◆ PROBLEM
Repeat exactly every line that comes at or after the line containing "Olympus DCN1-MK-US3 Cam", through the end of the entries below.

◆ RAW DATA
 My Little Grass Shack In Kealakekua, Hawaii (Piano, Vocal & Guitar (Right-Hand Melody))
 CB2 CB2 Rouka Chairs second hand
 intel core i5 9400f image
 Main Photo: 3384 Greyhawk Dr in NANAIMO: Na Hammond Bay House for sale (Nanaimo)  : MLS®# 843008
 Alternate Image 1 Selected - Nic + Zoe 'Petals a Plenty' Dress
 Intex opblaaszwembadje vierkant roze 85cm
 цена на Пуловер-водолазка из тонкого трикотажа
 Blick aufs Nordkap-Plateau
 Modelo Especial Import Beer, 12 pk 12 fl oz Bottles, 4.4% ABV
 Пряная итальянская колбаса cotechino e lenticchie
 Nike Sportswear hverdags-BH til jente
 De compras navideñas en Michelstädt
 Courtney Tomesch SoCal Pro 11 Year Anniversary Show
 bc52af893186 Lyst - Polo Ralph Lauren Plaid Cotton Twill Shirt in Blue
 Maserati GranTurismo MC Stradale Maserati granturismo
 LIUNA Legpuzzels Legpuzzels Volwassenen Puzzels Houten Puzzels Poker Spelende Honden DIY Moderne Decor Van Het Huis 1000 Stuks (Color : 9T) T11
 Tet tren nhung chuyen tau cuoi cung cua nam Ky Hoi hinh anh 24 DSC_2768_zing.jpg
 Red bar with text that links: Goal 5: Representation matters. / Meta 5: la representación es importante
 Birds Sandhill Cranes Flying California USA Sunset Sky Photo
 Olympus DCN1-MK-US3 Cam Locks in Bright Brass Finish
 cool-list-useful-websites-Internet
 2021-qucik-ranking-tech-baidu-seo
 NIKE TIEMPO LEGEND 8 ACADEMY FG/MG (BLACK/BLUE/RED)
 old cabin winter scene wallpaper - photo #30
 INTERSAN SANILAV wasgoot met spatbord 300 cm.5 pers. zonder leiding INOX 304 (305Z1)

◆ RESULT FOR THIS EXERCISE
 Olympus DCN1-MK-US3 Cam Locks in Bright Brass Finish
 cool-list-useful-websites-Internet
 2021-qucik-ranking-tech-baidu-seo
 NIKE TIEMPO LEGEND 8 ACADEMY FG/MG (BLACK/BLUE/RED)
 old cabin winter scene wallpaper - photo #30
 INTERSAN SANILAV wasgoot met spatbord 300 cm.5 pers. zonder leiding INOX 304 (305Z1)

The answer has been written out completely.